Johnston EB, King C, Sloane PA, Cox JW, Youngblood AQ, Lynn Zinkan J, Tofil NM. Pediatric anaphylaxis in the operating room for anesthesia residents: a simulation study.
Paediatr Anaesth 2017;
27:205-210. [PMID:
27957774 DOI:
10.1111/pan.13052]
[Citation(s) in RCA: 13] [Impact Index Per Article: 1.9] [Reference Citation Analysis] [What about the content of this article? (0)] [Affiliation(s)] [Abstract] [Key Words] [Track Full Text] [Journal Information] [Submit a Manuscript] [Subscribe] [Scholar Register] [Accepted: 10/09/2016] [Indexed: 11/30/2022]
Abstract
BACKGROUND
Pediatric intraoperative emergencies are rare but it is crucial for an anesthesia resident to be proficient in their management. Even the more common emergencies like anaphylaxis may not happen frequently for this proficiency to occur. Simulation increases exposure to these rare events in a safe learning environment to improve skills and build confidence while standardizing curriculum.
OBJECTIVE
Anesthesia residents participated in a simulated case of intraoperative pediatric anaphylaxis to evaluate knowledge and performance gaps.

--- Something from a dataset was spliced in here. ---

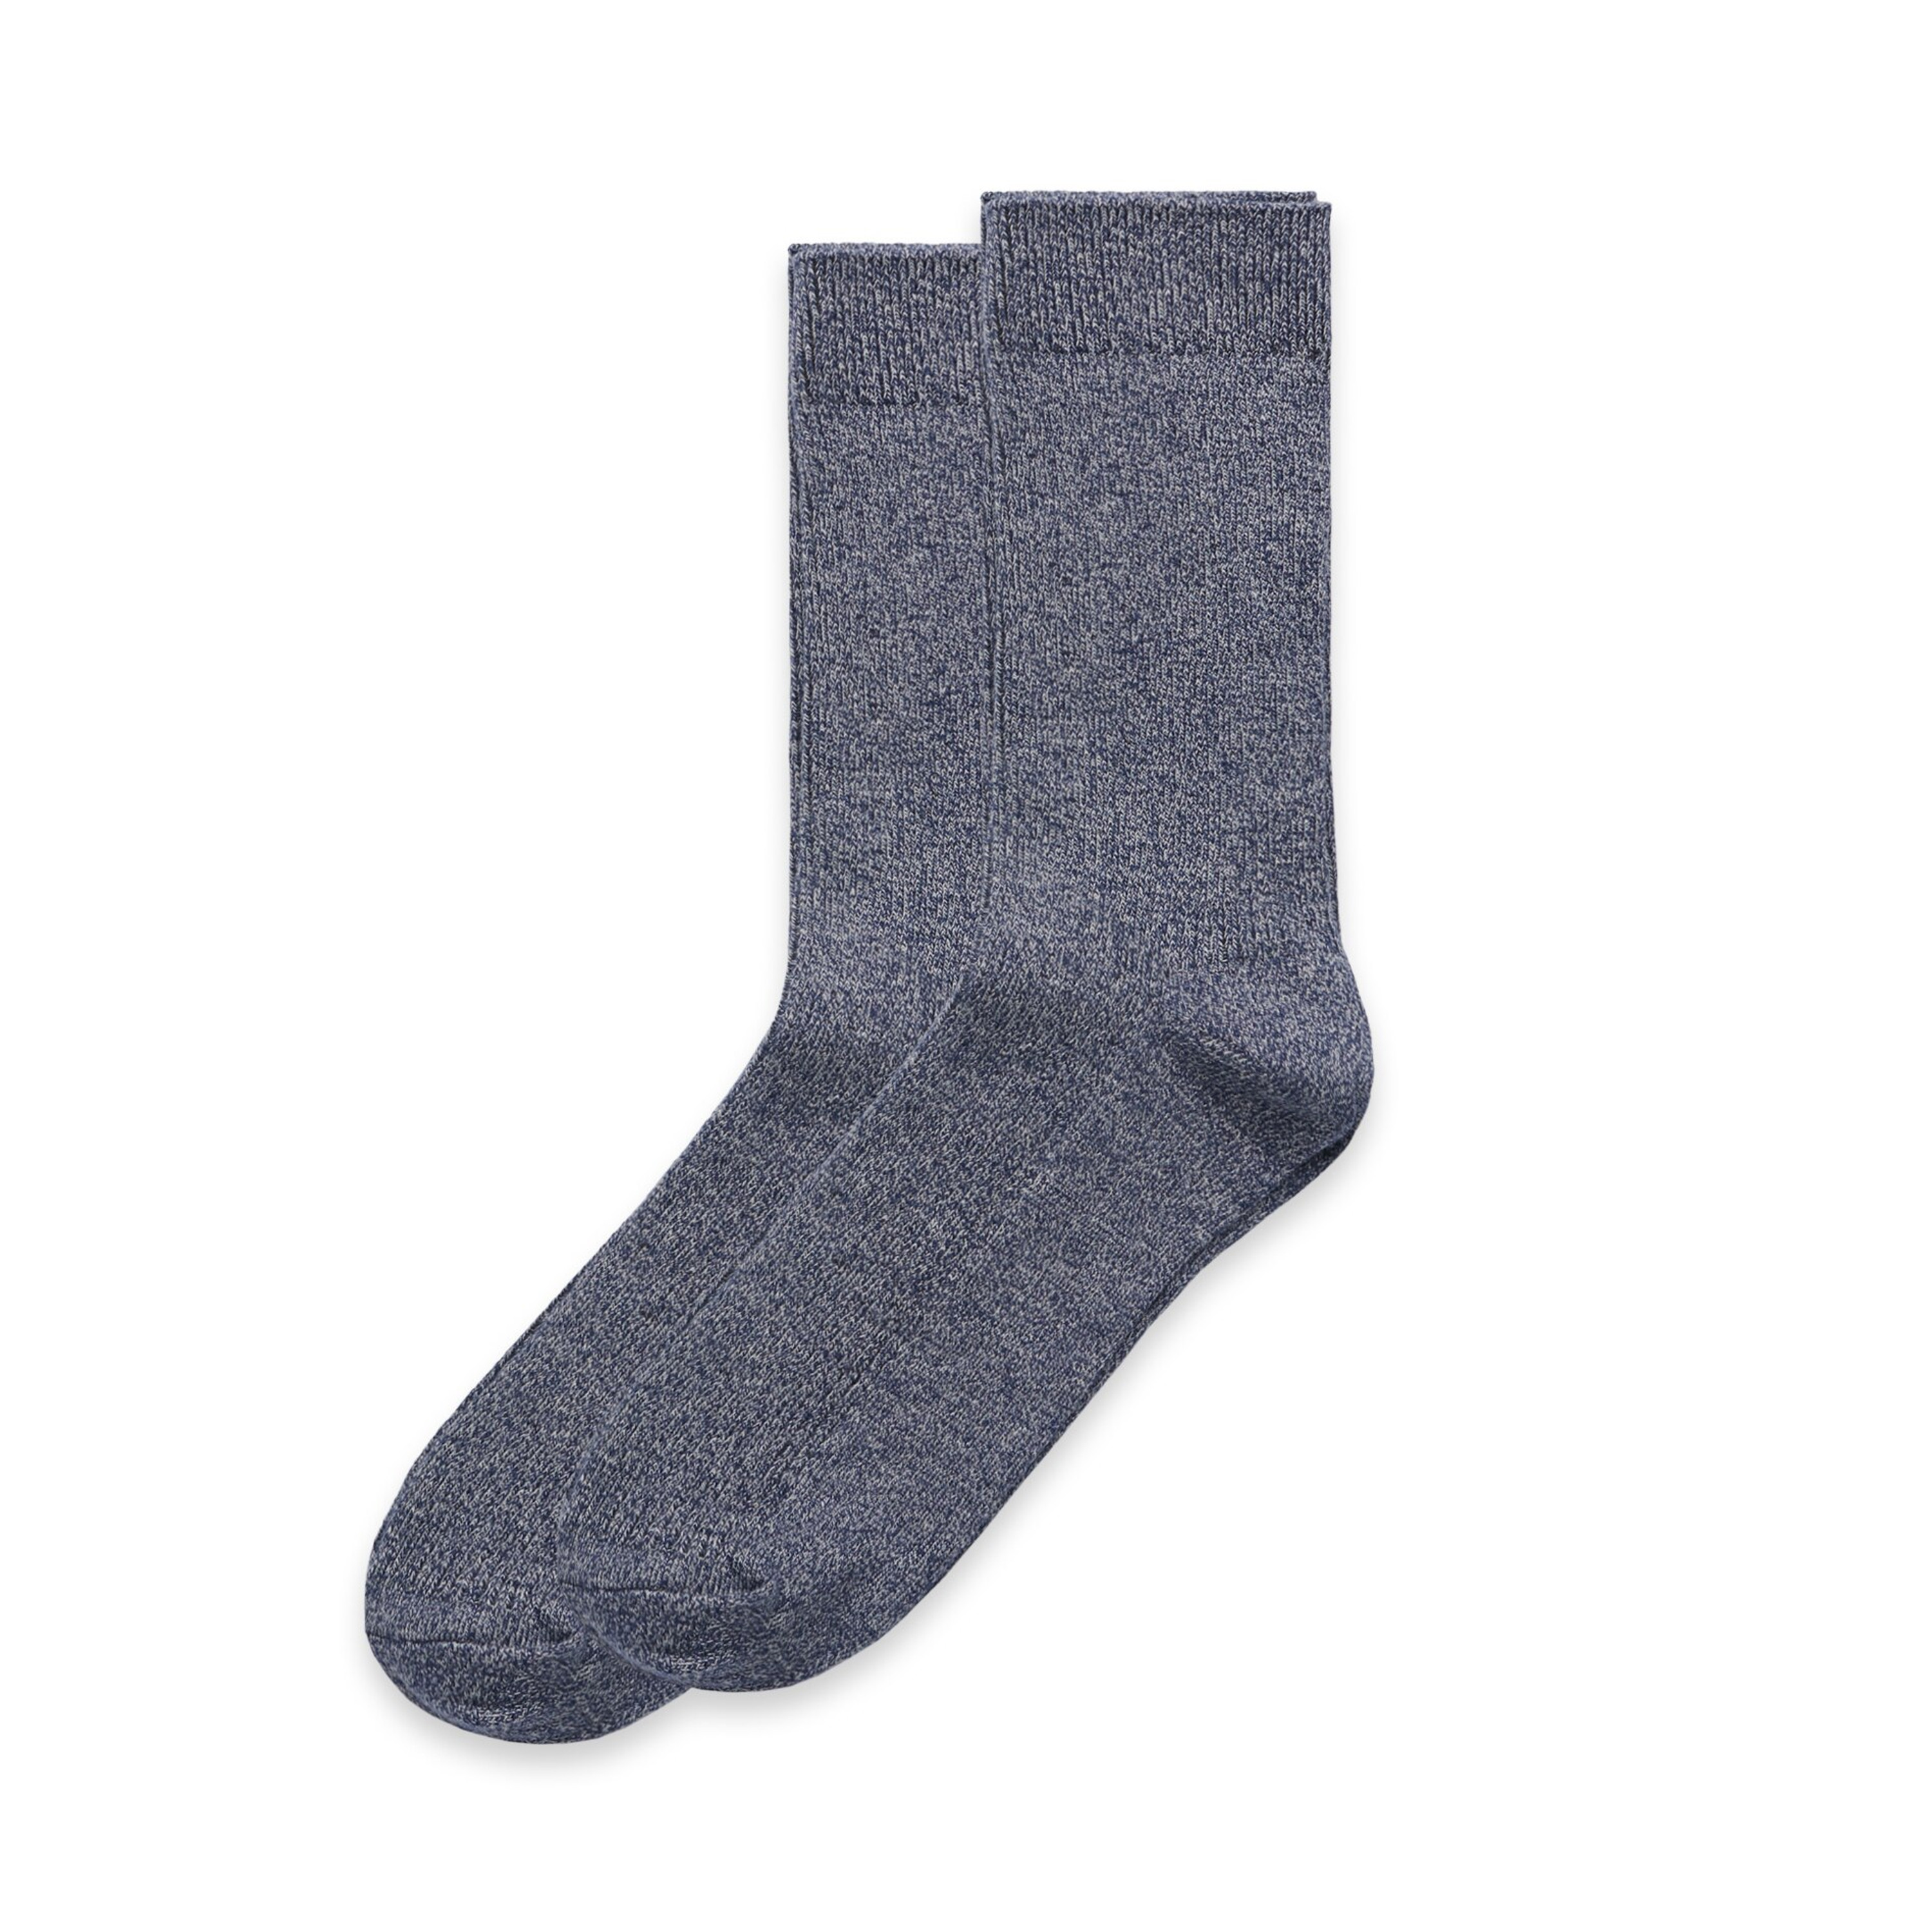 Marle Socks (2 Pairs) - 1205 - AS Colour NZ

The study also sought to determine whether a difference exists between second- (CA2) and third-year (CA3) anesthesia residents when managing pediatric anaphylaxis and cardiopulmonary arrest.
METHODS
Anesthesia residents completed a standardized programmed simulation of intraoperative anaphylaxis in a 5-year old undergoing tonsillectomy and adenoidectomy. Anaphylaxis presented and progressed to bradycardia and pulseless electrical activity if anaphylaxis went unnoticed or untreated. Key time points were recorded. A scripted debriefing and written evaluation followed.
RESULTS
Average time to diagnose anaphylaxis was 7.6 min, and time to give epinephrine was 6.5 min. Thirty-five percent of residents started epinephrine infusion following initial bolus. Average time calling for help between CA3 and CA2 residents was 2.5 min vs 5 min (P = 0.01). CA3 residents verbalized a broader differential, including malignant hyperthermia and pneumothorax. Progression to pulseless electrical activity occurred in 65% of sessions prior to epinephrine being administered. No resident initiated chest compressions for bradycardia.
CONCLUSIONS
Important performance deficits were seen in senior anesthesia residents during a simulated case of pediatric intraoperative anaphylaxis. Although CA3 performed better, deficits still existed. Anesthesia residents and training programs should partner in developing additional training recognizing anaphylaxis, pulseless electrical activity, and indication for chest compressions in a child.